At Programiz, we're all about removing barriers that beginner programmers face when learning to code.

One of those barriers is the lack of a computer to program on. I was lucky enough to have access to a computer at an early age and grow my interest in them, but most people don't have that access.

In my own country Nepal, many people in the poorest parts of the country still don't have access to computers. Forget about personal computers, most students don't even have access to computer labs.

That's when I asked myself, what if ubiquitous smartphones that have penetrated even the poorest parts of the world could become computer labs? What if anyone could just enter a URL on a browser and start writing if statements and for loops?

I found some online compilers that are free to use and fulfill the purpose.

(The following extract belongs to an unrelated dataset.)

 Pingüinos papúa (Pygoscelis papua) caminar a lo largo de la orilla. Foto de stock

However, there exists a problem with them. The problem was with the user experience. They are all bloated pieces of software trying to become full-fledged IDEs on the browser. There are just too many buttons: Run, Debug, Save, Execute, Share: which should I press?

The Programiz team decided to create our version of a mobile-friendly online compiler experience. This post is about the engineering that went behind the mammoth task of putting a Python shell on the public internet.

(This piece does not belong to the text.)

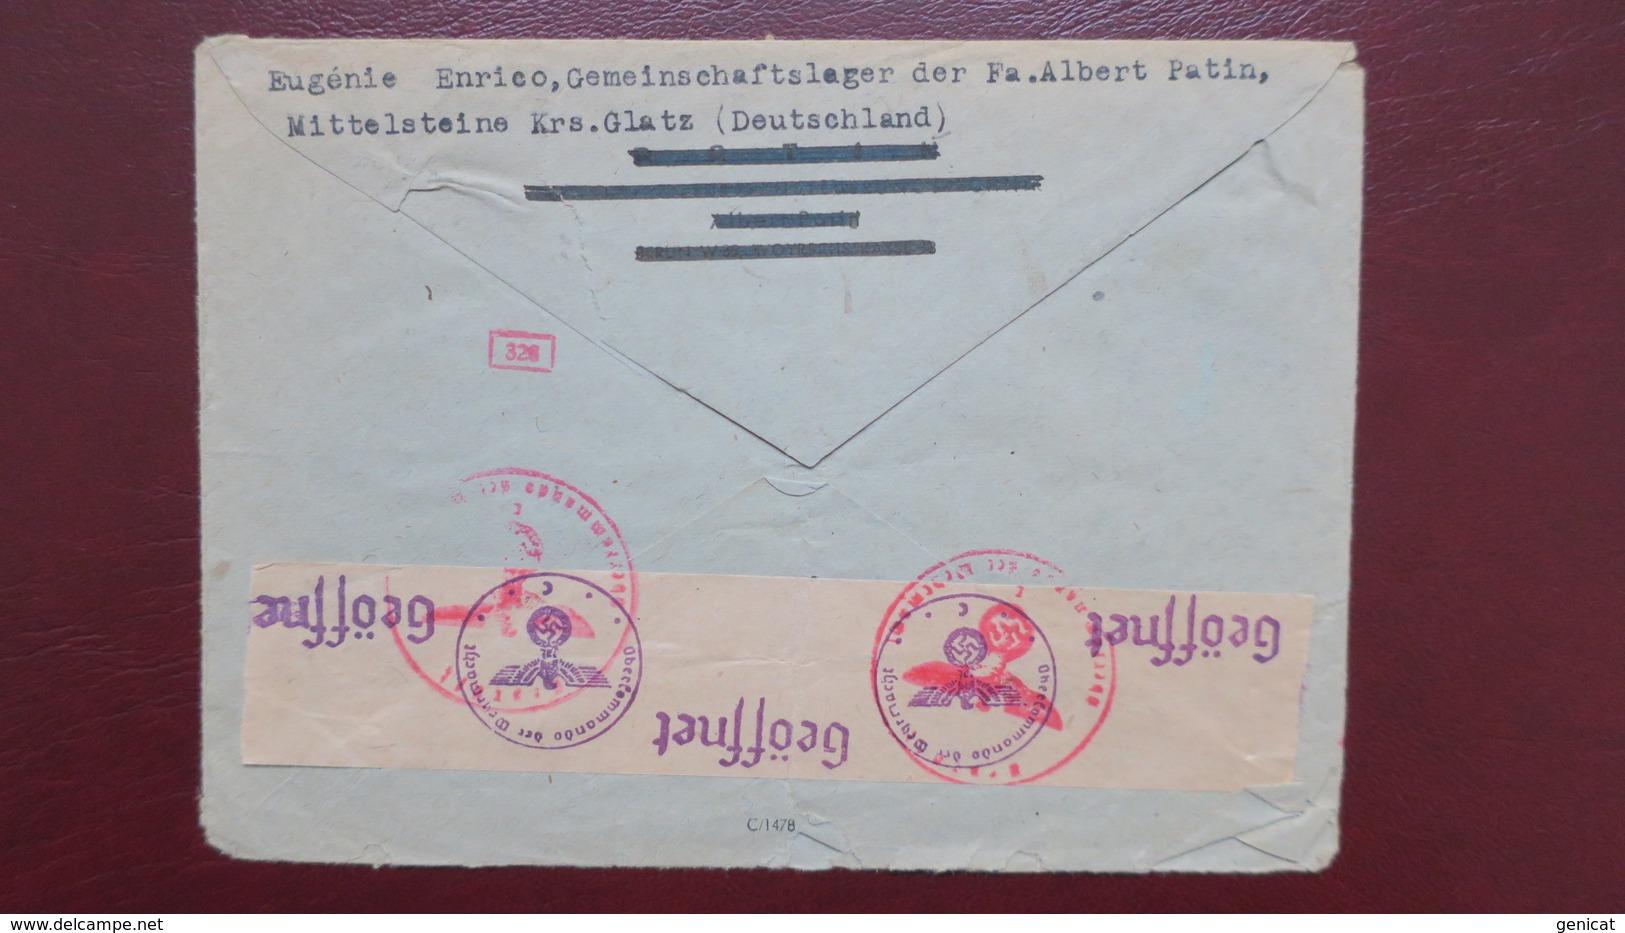 1944 Lettre Du Camp De Concentration De Mittelsteine Femme Travaillant A L'usine Albert Patin (composants V-1 & V-2 ) - Guerre De 1939-45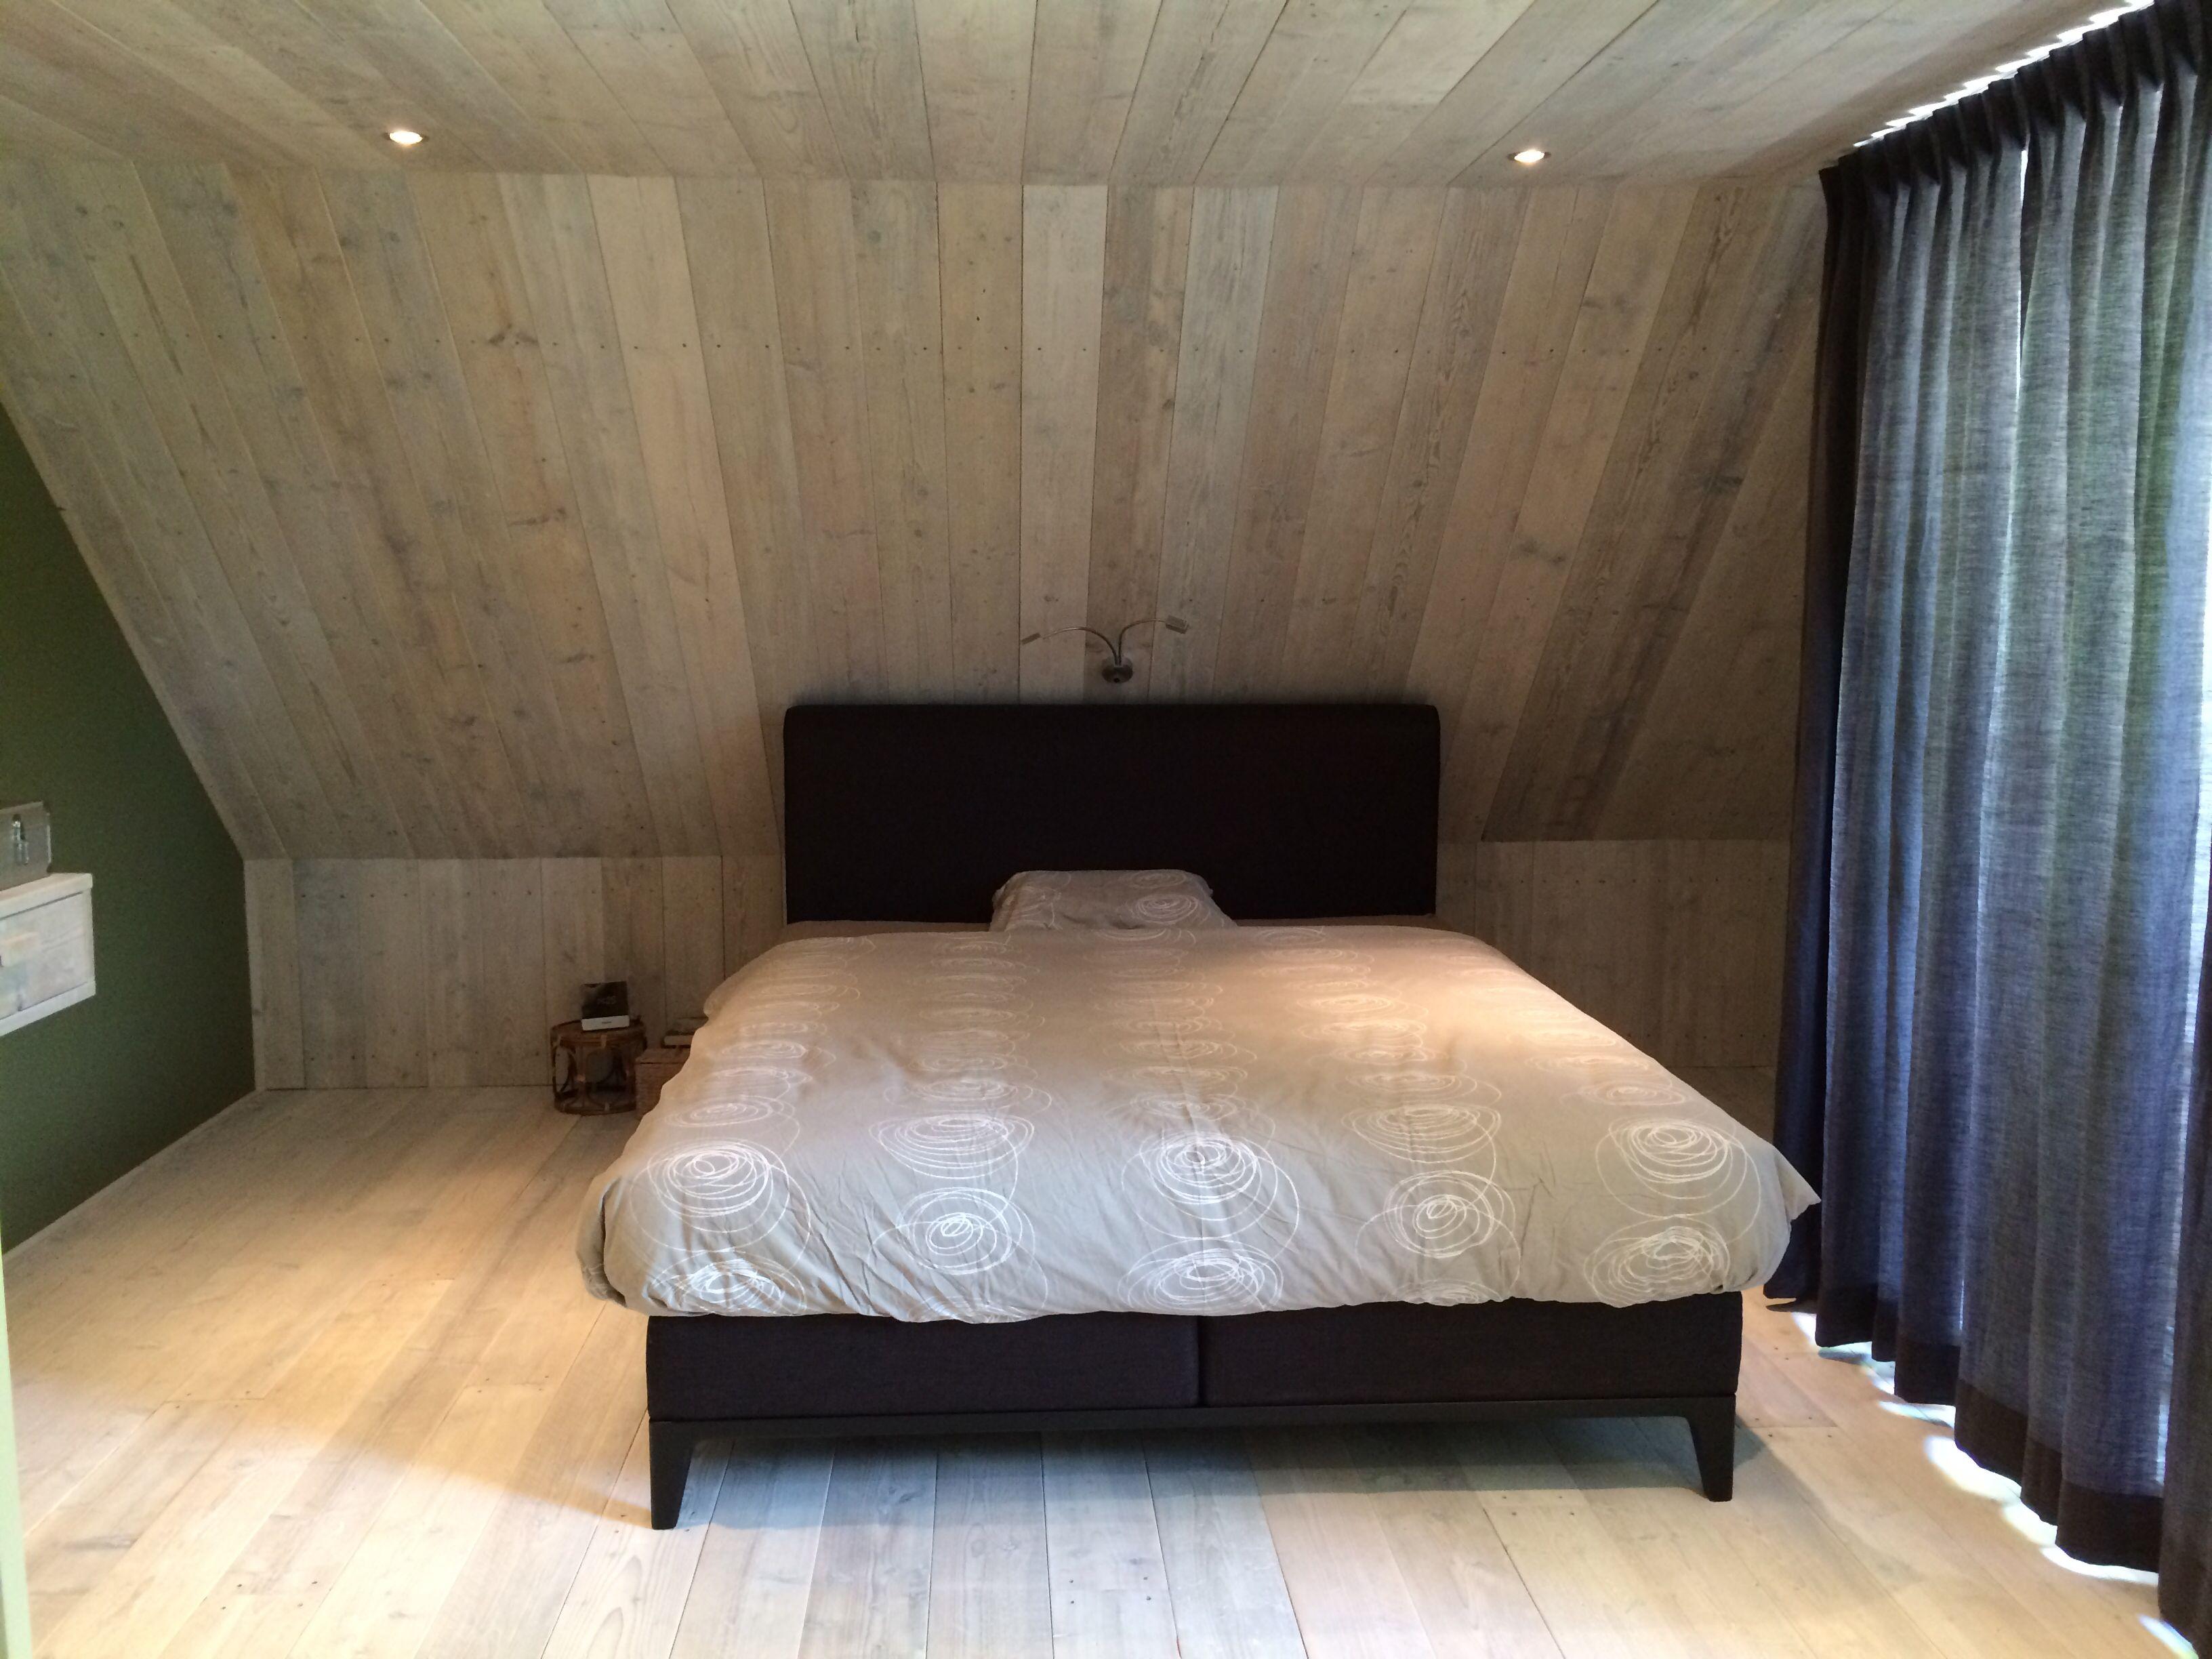 slaapkamer waarvan plafond vloer en schuine wand zijn afgewerkt met steigerhout in whitewash alles ontworpen ism opdrachtgever

Approach 1: Spin Docker Containers on the fly

Our first approach was naive: to compile and run the user-submitted code in a Docker-based sandbox. Docker is a container for an application that contains the full configuration of the environment that the code needs to be run in. It leverages virtualization and builds layers over the OS Kernel to provide a consistent language to describe how to build your application.

For instance, if you want to host an Nginx server on an ubuntu system and copy over your static file to it, the relevant Dockerfile would look like:

FROM nginx:alpine
COPY . /usr/share/nginx/html

The Dockerfile that we wrote starts with an ubuntu image, installs all the programming languages we need to run in the compiler, and then starts a node server on it.

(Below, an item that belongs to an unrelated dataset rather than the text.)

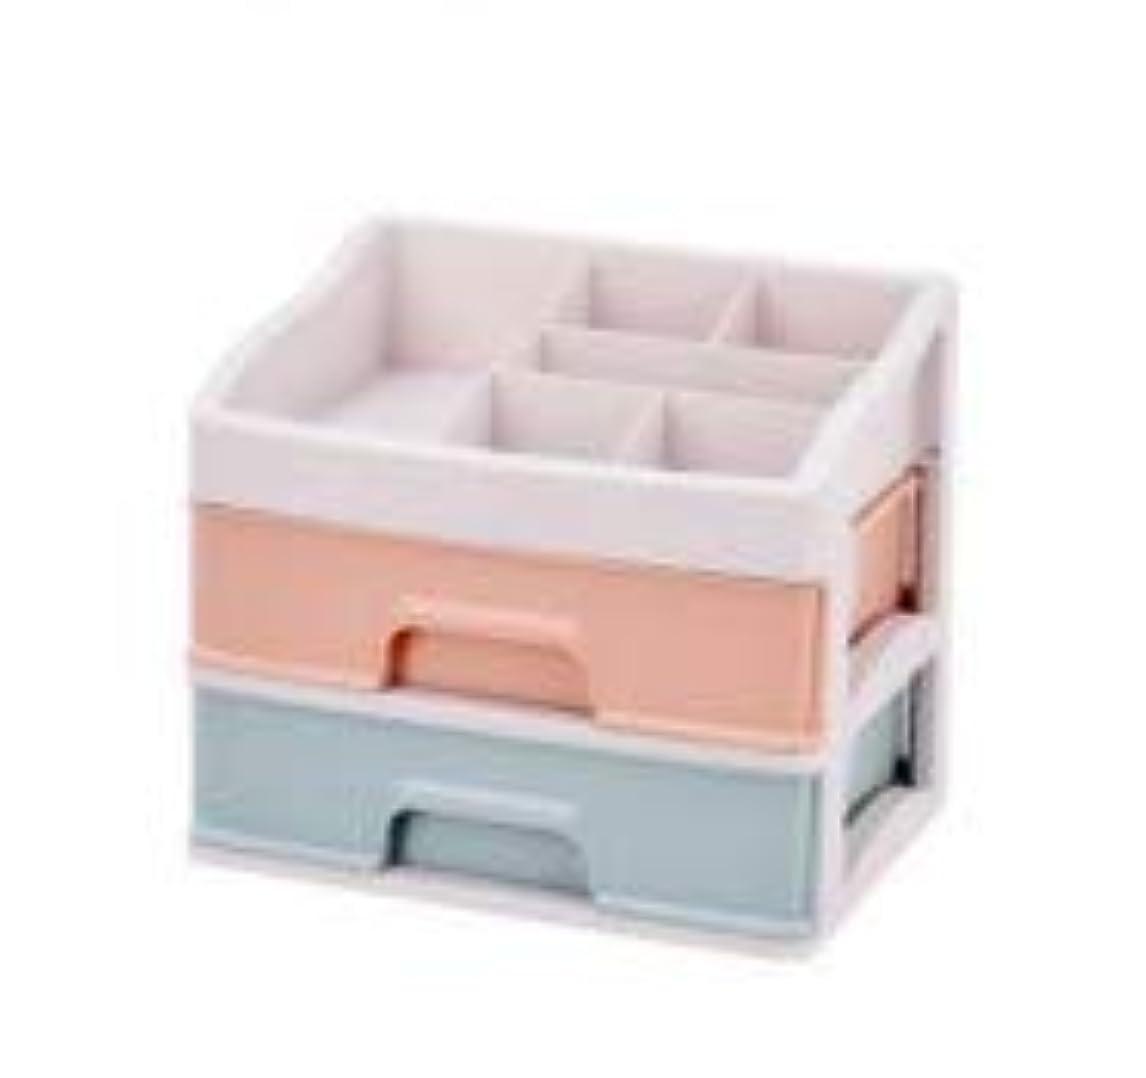 型最後に一致する化粧品収納ボックス引き出しデスクトップ収納ラック化粧台化粧品ケーススキンケア製品 (Size : M)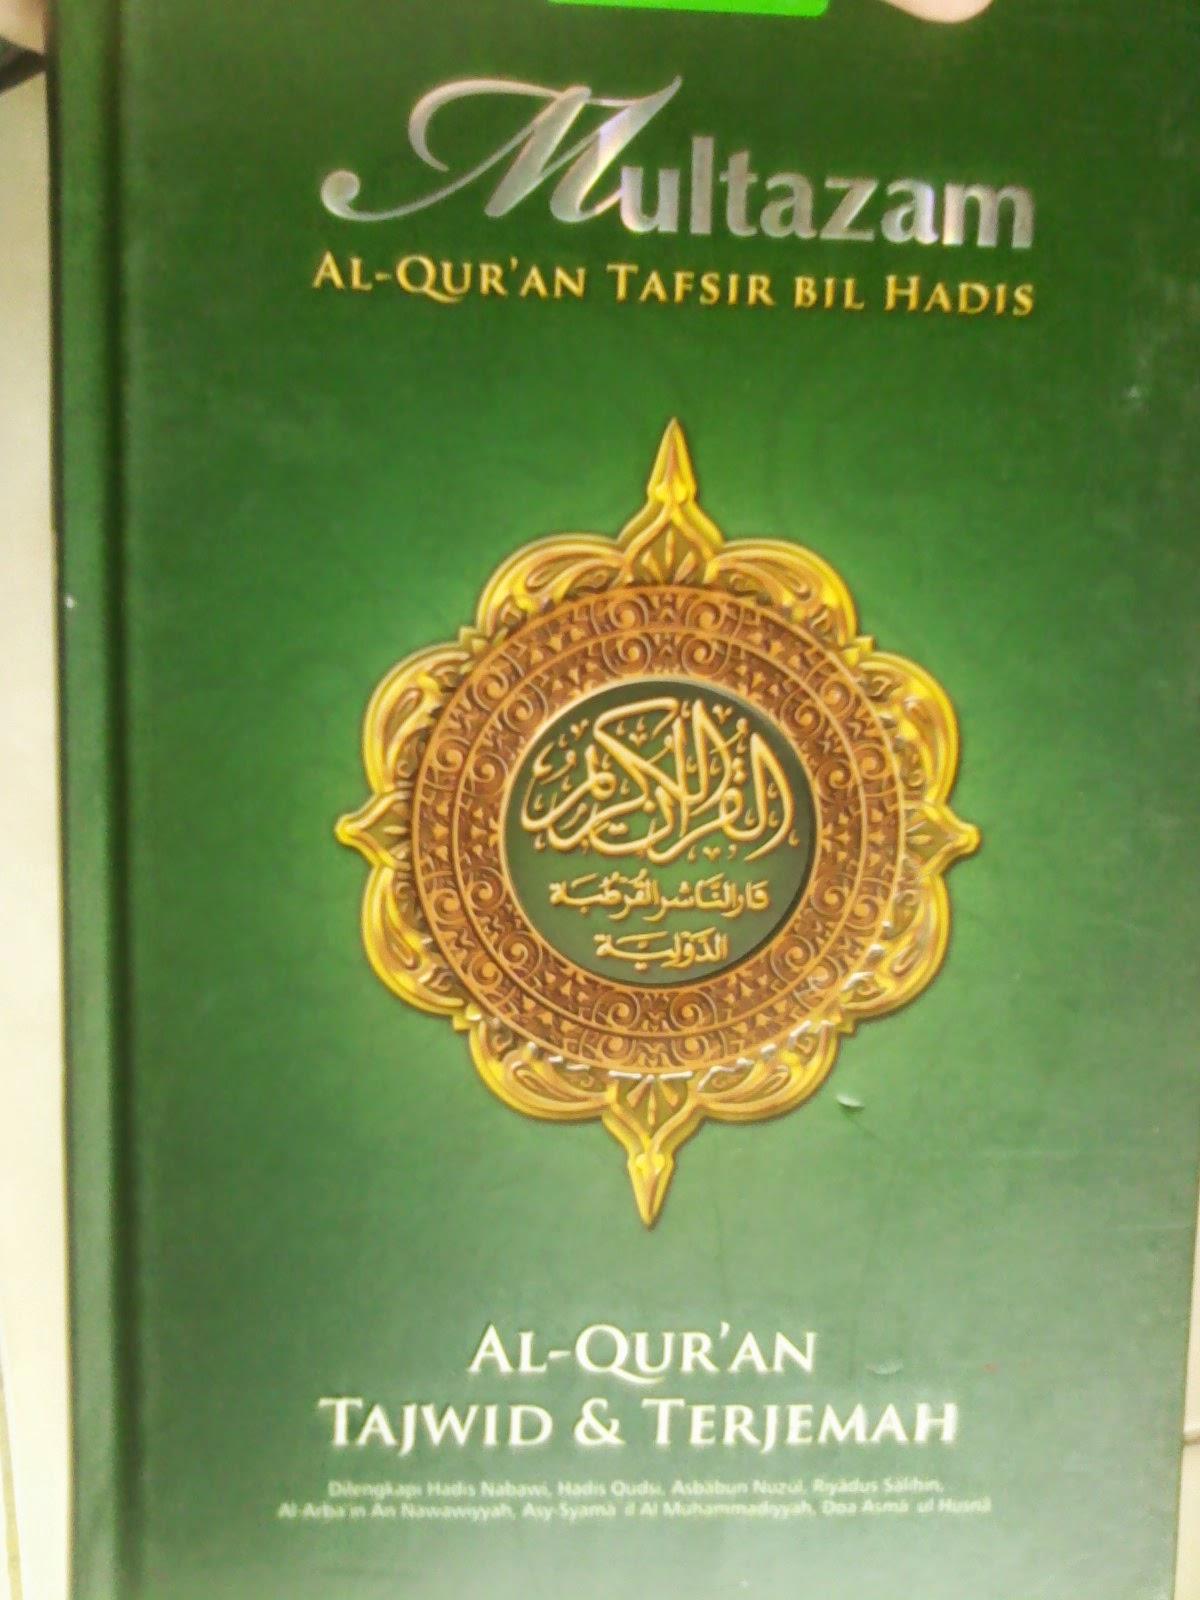 beli Al Quran tafsir hadis tajwid dan terjemah al multazam murah

One thing to note about Docker and Dockerfiles is that this was the beginning of wide adoption of Infrastructure-as-code, where you can completely define the environment in which a piece of code needs to be run through code, transfer it to a completely different OS and expect it to just work.

Think of a Docker image as the sheet music of a song for any instrument, say a piano. If you gave the same sheet music to 100 different pianists, each would play the same notes but wouldn't sound exactly the same. A Docker container effectively packages the instrument along with the sheet music so that it always sounds the same.

Containers are more resource-efficient because they share the Host OS.
The Docker Engine builds an abstraction layer above the OS Kernel that allows efficient sharing of OS resources.

Virtual Machines could also do that, but as you can see from the diagram above, by having multiple containers share the same host OS, Docker containers solved many of the resource-related issues from the Virtual Machine days.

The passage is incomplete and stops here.